During an Oct. 26, 2016 television appearance, Giuliani said that then-candidate Trump had "some pretty big surprises" in the coming days. Two days later, James Comey, the FBI director at the time, announced the Clinton email investigation would be reopened after new emails were discovered.

Due to the timing of Giuliani's statement regarding "surprises", the question of whether Giuliani had been leaked information from someone about the investigation arose.

Guiliani denied any prior knowledge of the investigation, and the inspector general's office reported it found no evidence that Giuliani had been alerted to the FBI's plans.

For more reporting from the Associated Press, see below.

Rudy Giuliani
The FBI inspector general reported there was no evidence found to support the idea that former New York City Mayor Rudy Giuliani had been tipped off regarding the Hillary Clinton email investigation. Giuliani makes an... Spencer Platt/Getty Images

The inspector general looked into whether anyone had improperly tipped off Giuliani, and more broadly examined contacts between FBI officials and reporters during the course of the investigation into whether Clinton had mishandled classified information on her personal email server.

According to a report issued Thursday, Giuliani told the watchdog office that he had not received any information about the Clinton investigation and that Comey's comments reopening the probe were a "shock to me. I had no foreknowledge of them." He said he hadn't been in contact with any current FBI agents during that month, and that the former officials he communicated with did not have information about FBI investigations.

As part of the investigation, the inspector general's office asked the FBI to determine which agents may have been in touch with Giuliani.
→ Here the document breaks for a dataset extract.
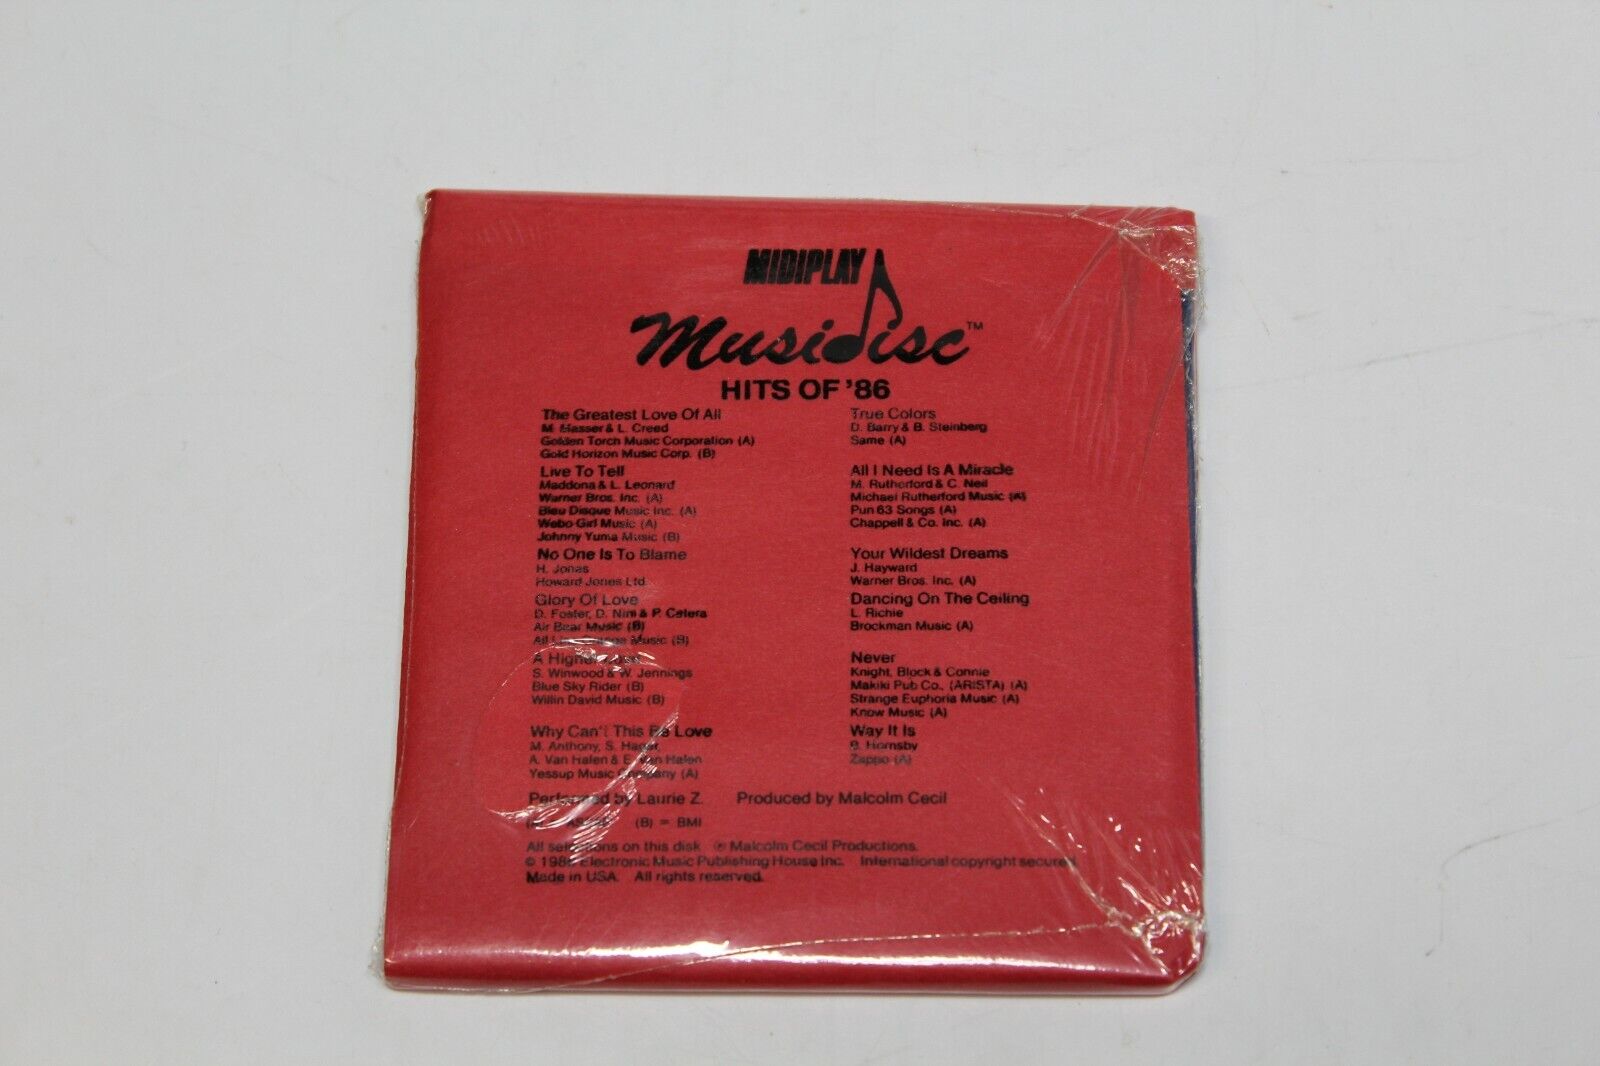 VTG MidiPlay MusicDisc Hits of '86 Vol 1 - 1986 - NEW - Factory Sealed

The FBI identified four employees, but each employee told the watchdog office during interviews they had not had any contact with Giuliani.

The FBI said the four employees had used their FBI devices to call telephone numbers associated with Giuliani, but the inspector general's office said that information was either outdated or meaningless.

Two of the phone numbers were for the general line of the New York office of the law firm where Giuliani had worked, and the other two were for businesses "at which Giuliani had not been affiliated since at least 2007," the inspector general's office said.

"The telephone numbers attributed by the FBI to Giuliani were not, therefore, specific to Giuliani," the report said. "Accordingly, the purported investigative leads provided by the FBI based on alleged FBI employee contacts with Giuliani were inaccurate."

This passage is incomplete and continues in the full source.